Dalbavancin surveillance antibiotic results for Gram-positive pathogens presented at ECCMID meeting

Durata Therapeutics today announced surveillance data demonstrating potency of the Company's lead antibiotic product, dalbavancin, a long-acting, intravenous (IV) lipoglycopeptide, against a broad spectrum of gram-positive bacteria prevalent in recent years. The surveillance data also confirmed that the susceptibility profile of dalbavancin has not changed since surveillance studies were first initiated over a decade ago.

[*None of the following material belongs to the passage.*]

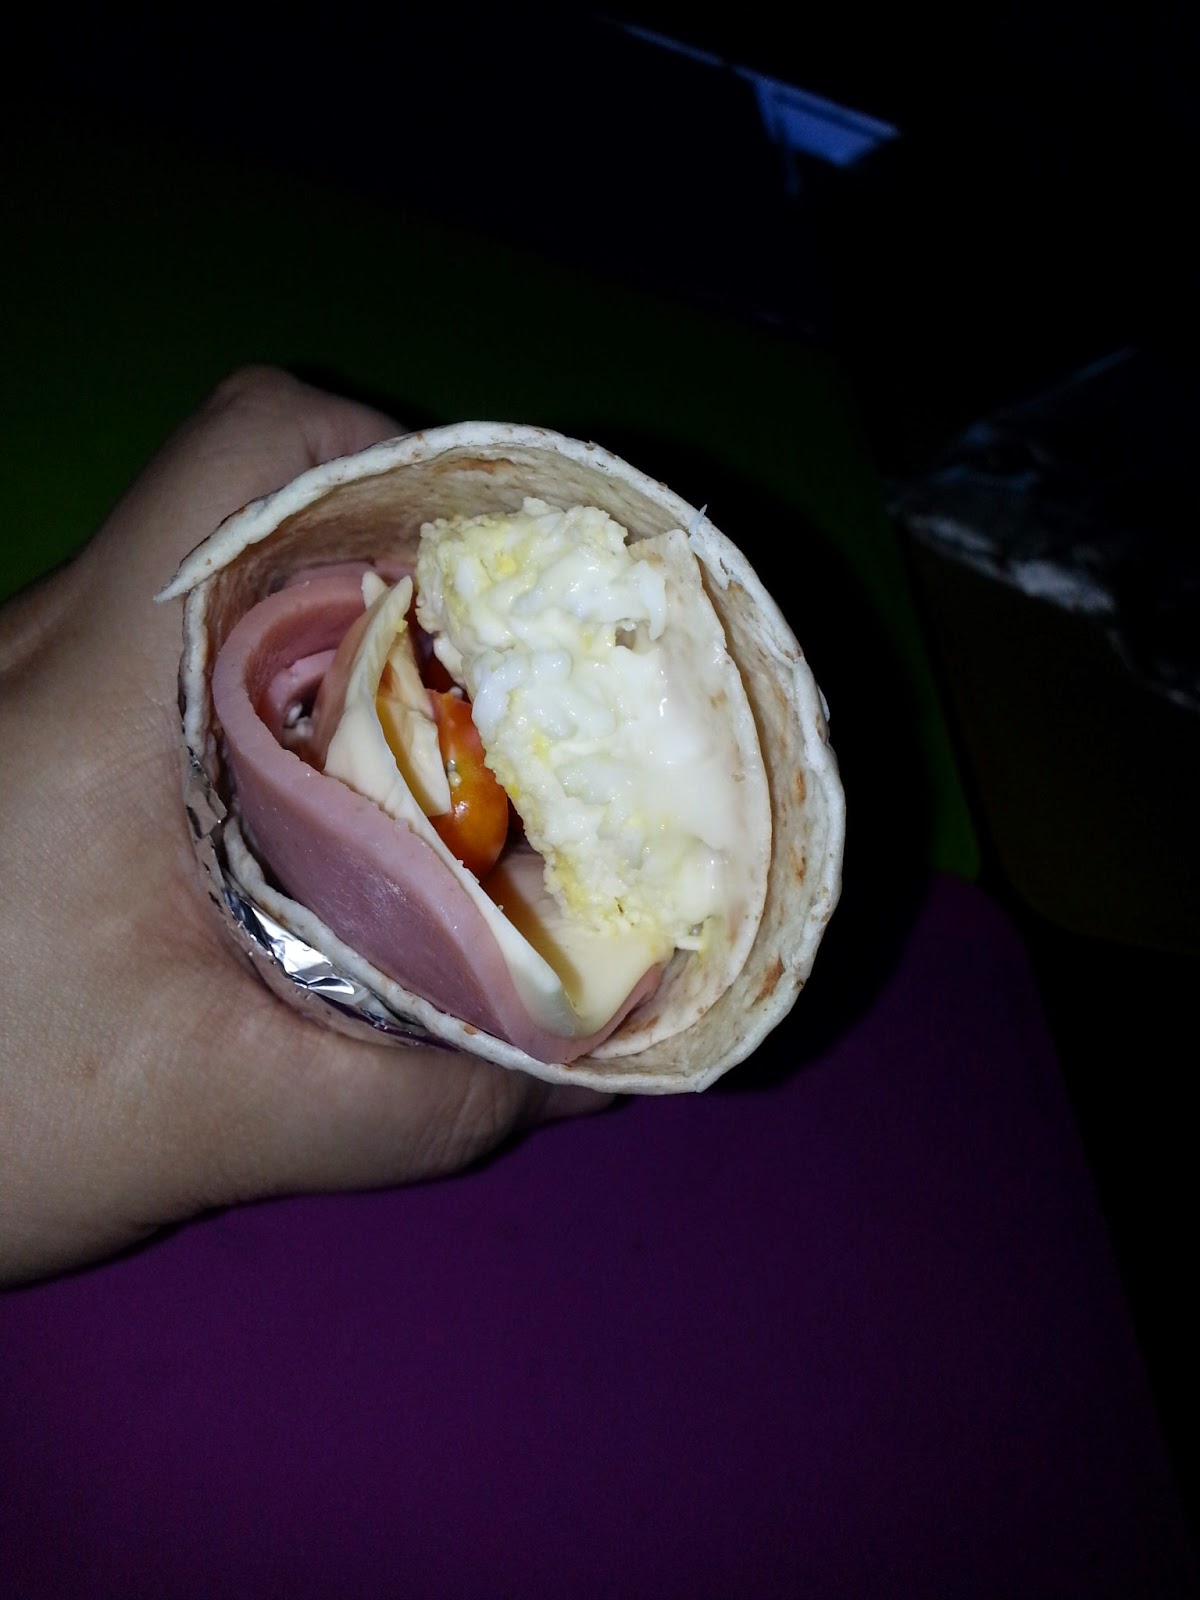 Home Cooked Dishes: Wholemeal Wrap with Egg, Ham & Cheese

The findings were presented in two posters titled, "Dalbavancin Surveillance Results for European Gram-positive Species in a Contemporary (2006-2009) Sample of 23,825 Strains" and "Dalbavancin Activity and Spectrum Evaluated Against a Contemporary (2007-2009) Worldwide Collection of Staphylococci (62,590 strains)," based on results from Dr. Ron Jones and his coauthors at the Jones Microbiology Institute (JMI) Laboratories in North Liberty, Iowa.

In the first poster presentation, dalbavancin was shown to exhibit potent activity against an updated surveillance collection of Gram-positive pathogens isolated in the EU spanning from 2006 to 2009. These results have remained stable in surveillance programs over seven years (2003 to 2009) of monitoring.

In the second poster presentation, dalbavancin demonstrated sustained, potent inhibition against contemporary staphylococci strains worldwide (2007 to 2009), including methicillin-resistant Staphylococcus aureus (MRSA). Dalbavancin's activity was found to be many-fold greater than currently available glycopeptides- or lipopeptide-class agents.

Dr. Jones, President and Chief Executive Officer of JMI Laboratories, commented, "From our resistance surveillance program results presented at the ECCMID meeting (Milan) for 62,590 staphylococci sampled worldwide, we can predict that this drug will inhibit all MRSA at less than or equal to 0.5 milligrams per liter. This level of activity was consistent over time (2006 to 2009), across geographic regions (USA and Europe), and was four- to 16-fold more potent than vancomycin, daptomycin and linezolid."

Dr. Jones continued, "The convenient, once-daily dalbavancin dosing regimen for projected acute bacterial skin and skin structure infection trials in future clinical practice will be a welcome addition to MRSA therapies in various clinical settings, including hospitals, emergency rooms and out-patient intravenous treatment programs."

Durata's Chief Medical Officer, Michael Dunne, M.D., stated, "Dalbavanin has shown a remarkable degree of consistency in terms of its potency and resistance profiles since the first surveillance studies began a decade ago. Given its performance over the course of this long period of exposure, we believe dalbavancin is well positioned to successfully treat prevalent infectious pathogens in the coming years. We are pleased with the surveillance results and look forward to the progress of our late-stage clinical development program for dalbavancin."

In April 2011, Durata commenced a global, pivotal, Phase 3 study (DISCOVER-1) of dalbavancin under a Special Protocol Assessment (SPA) agreed upon with the FDA. The study is designed to compare the efficacy and safety of dalbavancin to vancomycin and is expected to enroll approximately 556 patients worldwide. Patients will be randomized to receive either two doses of dalbavancin, each infused over 30 minutes, one week apart from each other, or 10 to 14 days of the comparator regimen. Clinical response will be measured at 48 to 72 hours post study initiation and again at study day 14-15.